Early on in my woodworking, I built a small touch screen computer and speaker all in one. (I called it The Music Box, and all the worklog pictures can be found here). I’ve always been a fan of music or background in the shop. That music box worked great when my shops were spare bedrooms, but when we bought a house and I moved in to a garage workshop it just didn’t have the ooph behind it to fill the space.
There enters this build. It was a bluetooth speaker that I made about 7 years ago (2017). It was in my shop up until recently, when I moved it in to the living room.
It’s nothing super high end, but was pieced together with a bluetooth driver/amp board, DIY crossovers, and some speaker components. I was following plans from a now idle channel/website (Kirby Meets Audio – Elder Speaker), so I’m by no means a speaker designer. I modified the woodworking side of it to better fit my skills and design ideas, while keeping the internal volume the same to hopefully make sure the audio qualities still remained in tact. It seems to have worked, because I think it sounds quite good for what it is.
Sure, it may not have been the cheapest way to go about getting a bluetooth speaker, but it sure was fun; and a good bit better looking than most.
Here’s a video that covers the process of building the speaker enclosure, with a more deep dive on the actual components that went in to it linked at the end.
The overall design of the speaker was something that took a few iterations to settle in on. Originally the plans called for a pretty standard mitered corner box with a couple strips for feet. When my lack of experience/ability and accurate machines led me down the path of redesigning to suit my skills and tools, I ended up with this new design. I’m glad that’s the way this project turned, as I’m more happy with this design than what the plans would have called for.
The speaker uses two 4″ Dayton Audio reference speakers and a 5/8″ Dayton Audio tweeter.
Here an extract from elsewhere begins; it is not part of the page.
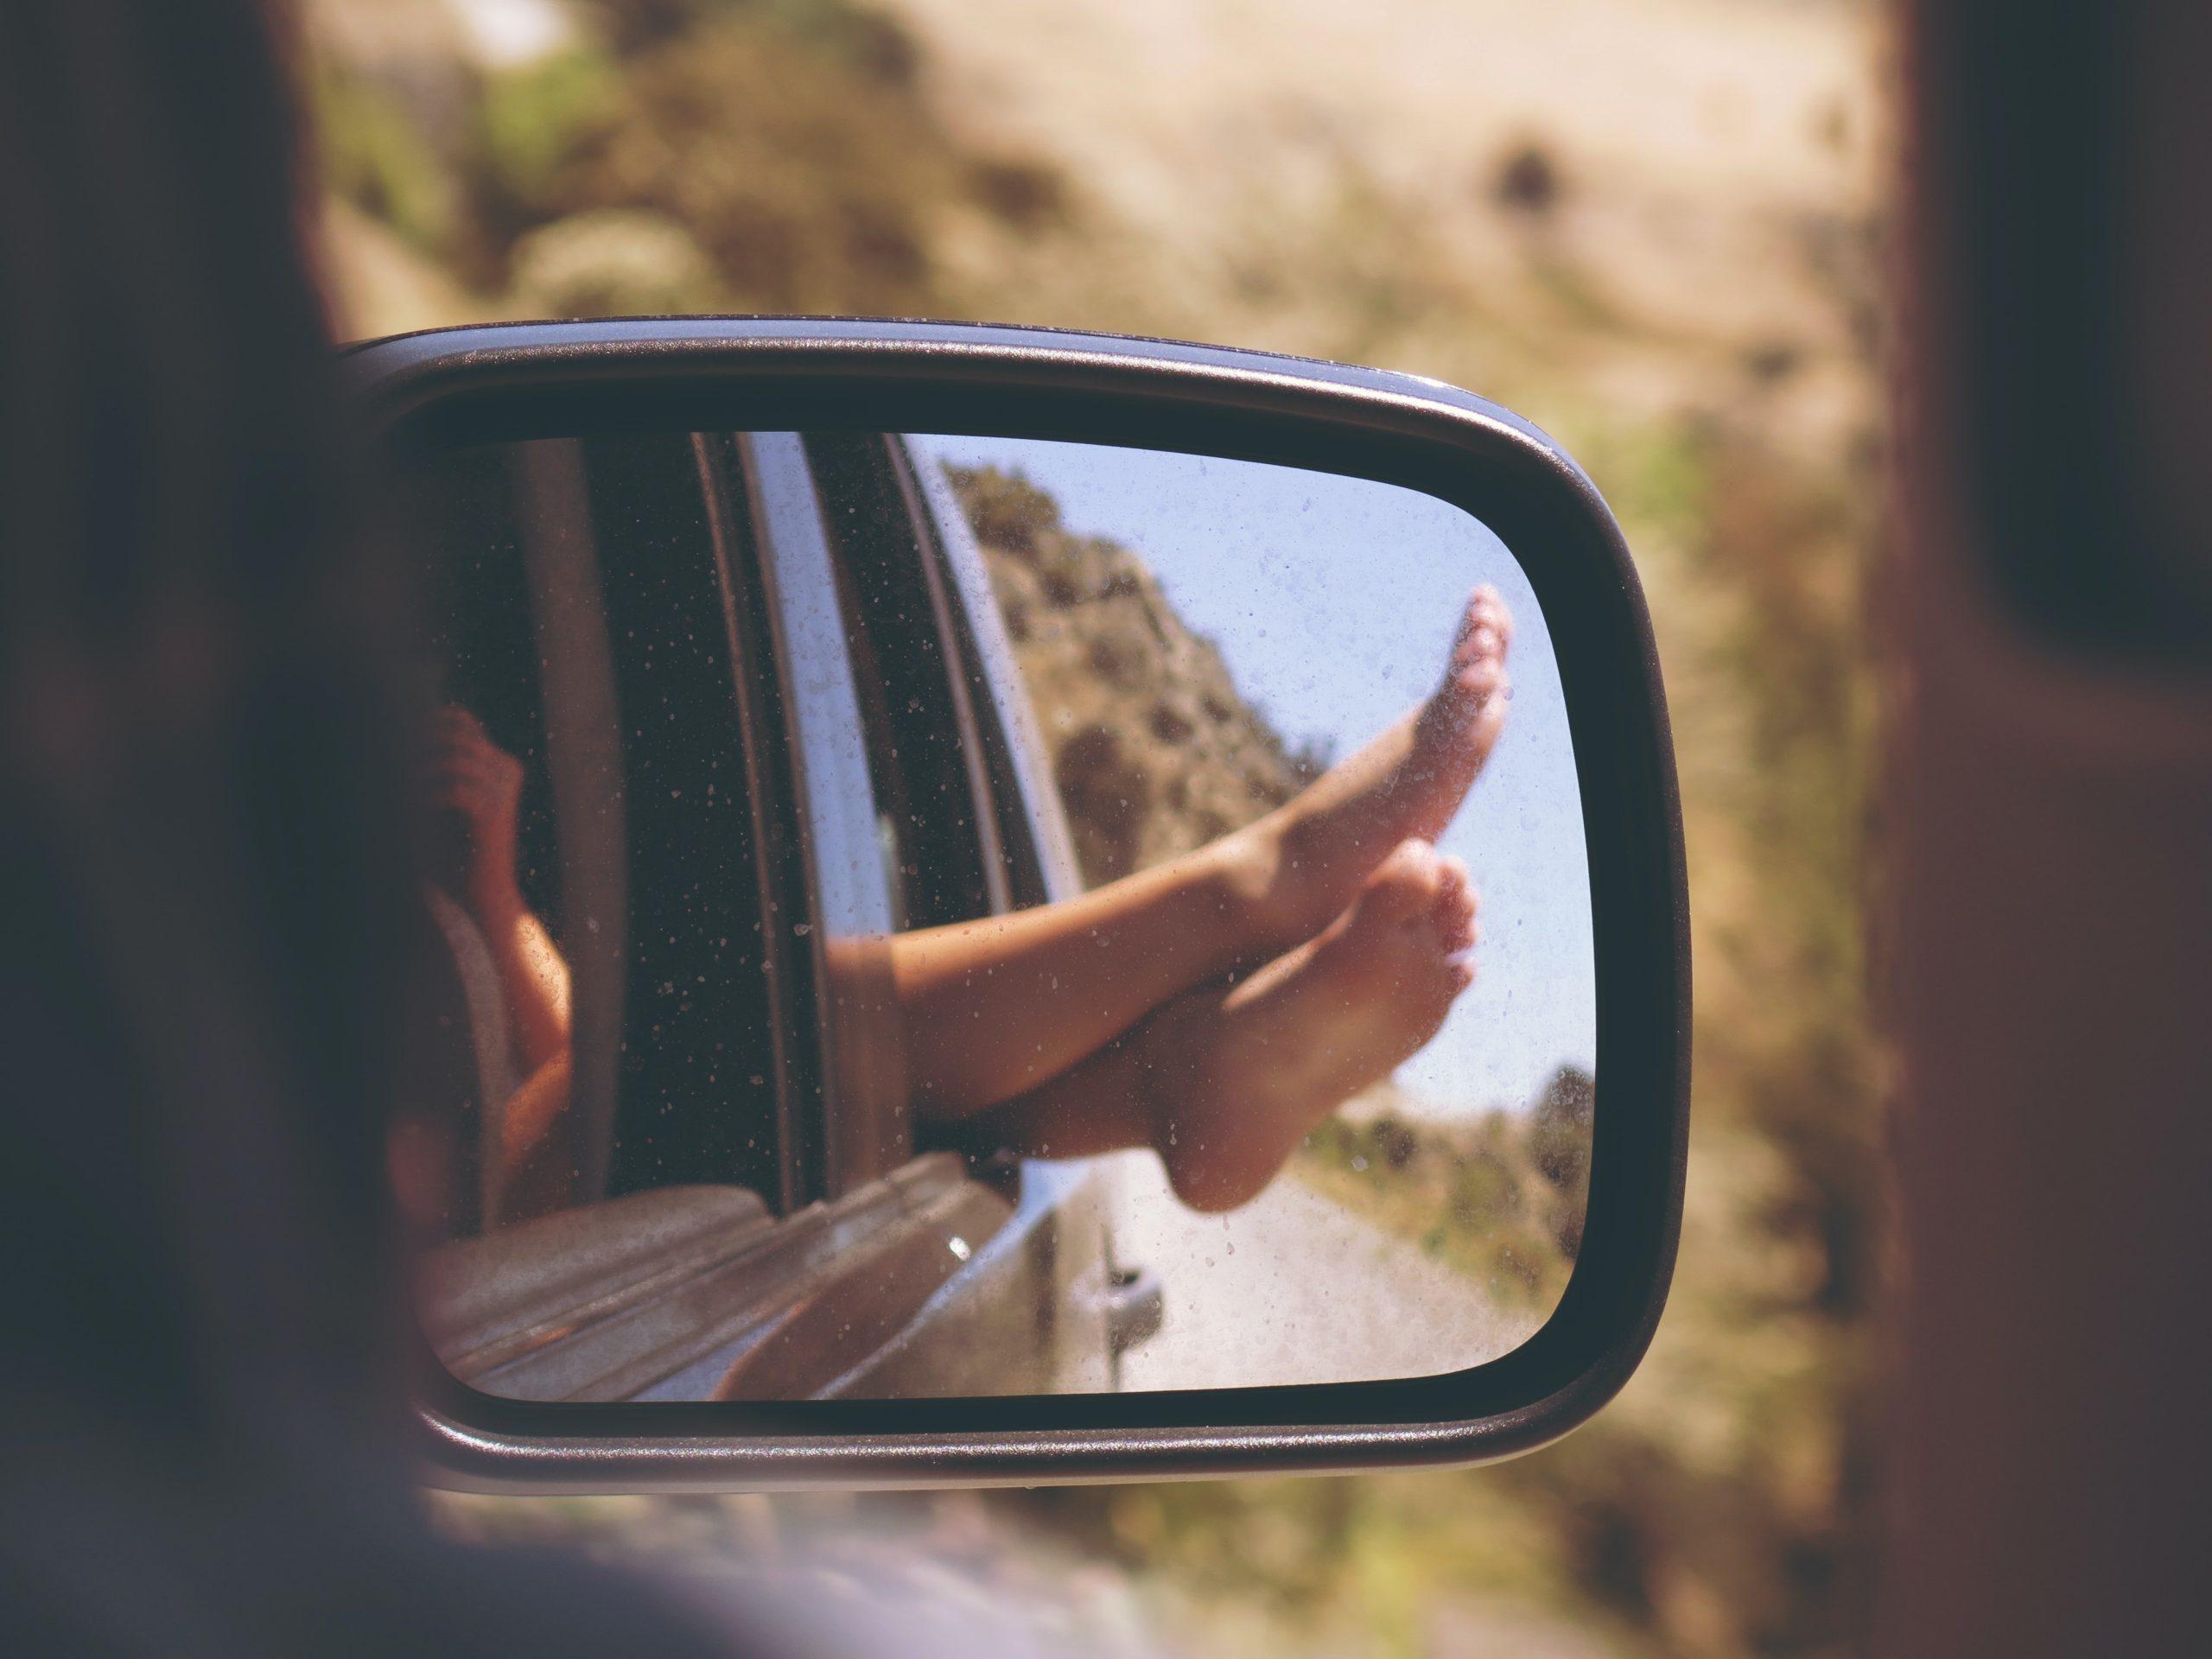 Pieds miroir roadtrip

The plans called for a pair of custom crossovers, one for cutting out the highs to one of the 4″ drivers, and the other was a combination of low pass and high pass to drive the other 4″ driver and the tweeter. Overall it’s got a pretty balanced sound that I like. Not too tinny in the highs, and not muddy in the lows.
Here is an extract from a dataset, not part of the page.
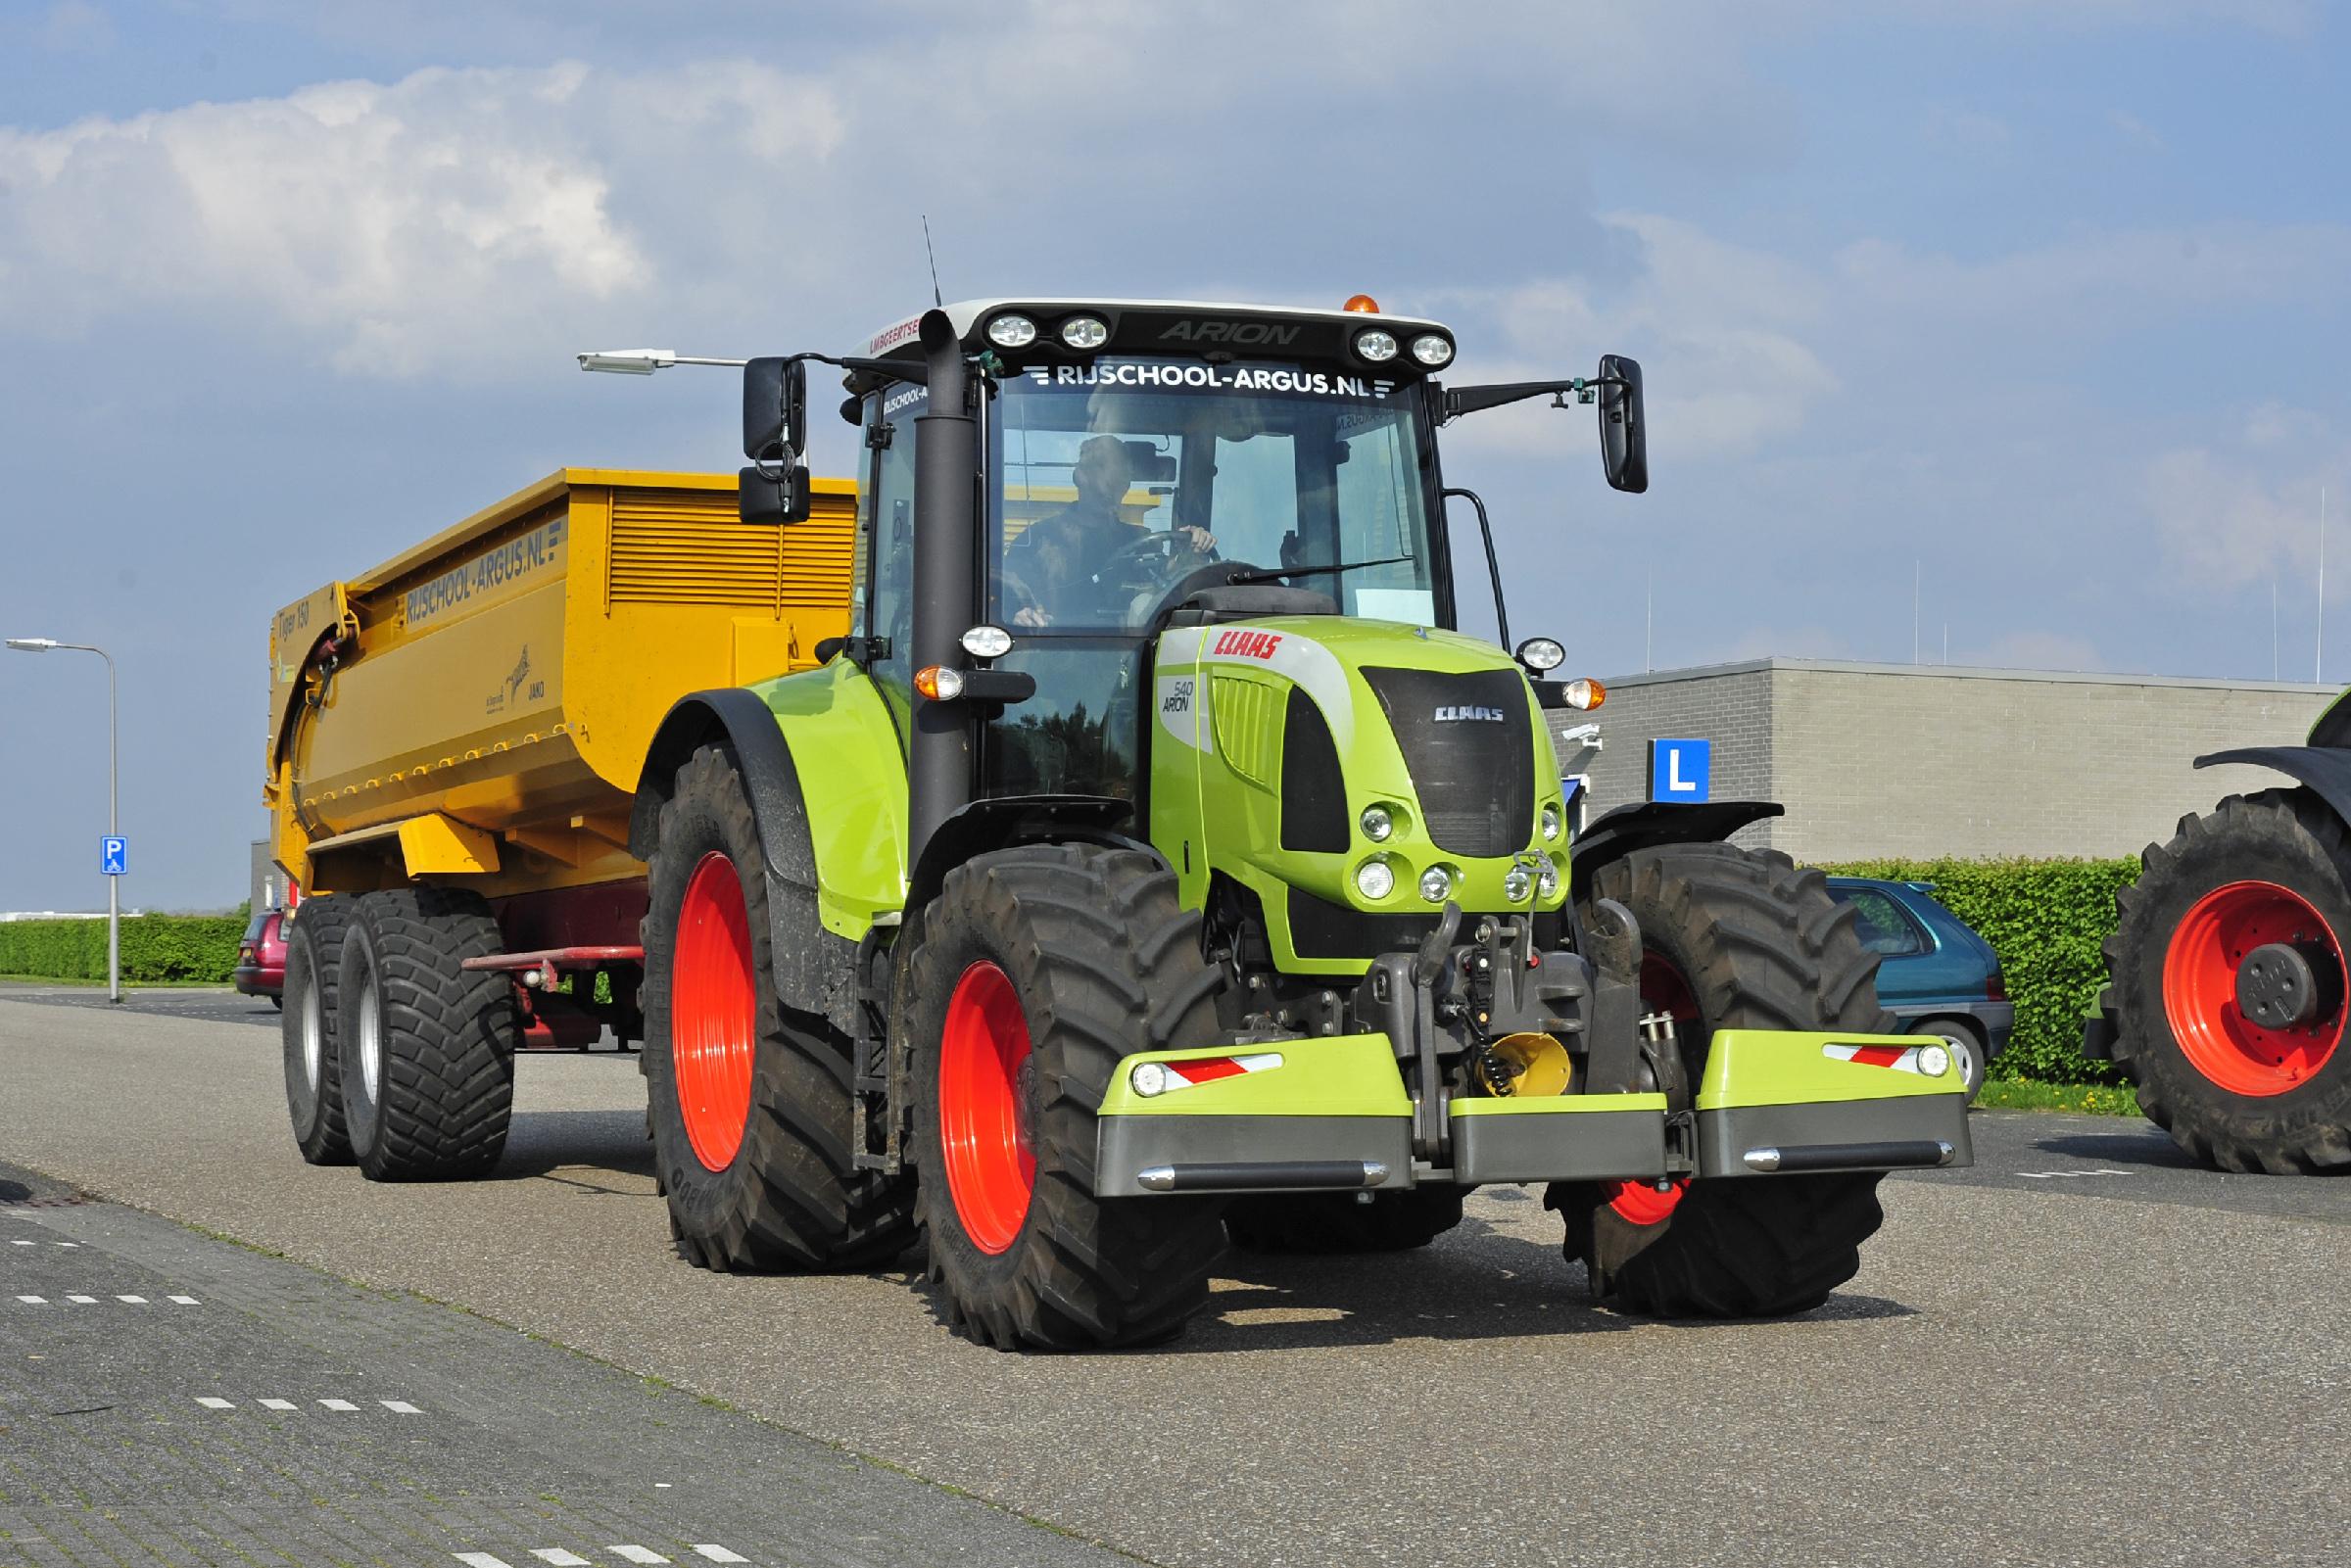 https://www.rijschoolpro.nl/wp-content/uploads/2016/09/20140422-vakdag-Landbouwverkeer-politie-Lelystad-013-2x3-Hero-Dijkema.jpg

The design I came up with used through tenons to join the speaker box to the main upright, and rather long through tenons at that. The reason for that was so it could also be used in a horizontal orientation, where those through tenons would act as the feet for the speaker, along with the offset of the base.
This is the configuration I used it in when the speaker was in use in my shop. I could use the space between the base and speaker cabinet on the left as a little spot to store stuff.
Here we can see those through tenons a little better, as well as all the various interface points on the back. The two holes above/below the control panel are the vent tubes. The control panel has the power input, power switch, volume knob, LED indicator lights, and an aux input, though I’ve never used the aux yet.
I’m not sure why it took me 7 years to get around to finishing the video, or getting pictures posted, but I’ve certainly enjoyed the speaker in the mean time. It sounds pretty good, and I’ve spent quite a few hours with the volume turned up to play along with various saxophone music.
I was doing some re-configuring of my workshop, and as a result this was moved in to the living room of the house instead. I mainly use bluetooth ear buds in the shop these days, so I can keep listening when I’m in and out of my over the ear hearing protection, and I can shoot video without worrying about copyrighted music intruding on the audio.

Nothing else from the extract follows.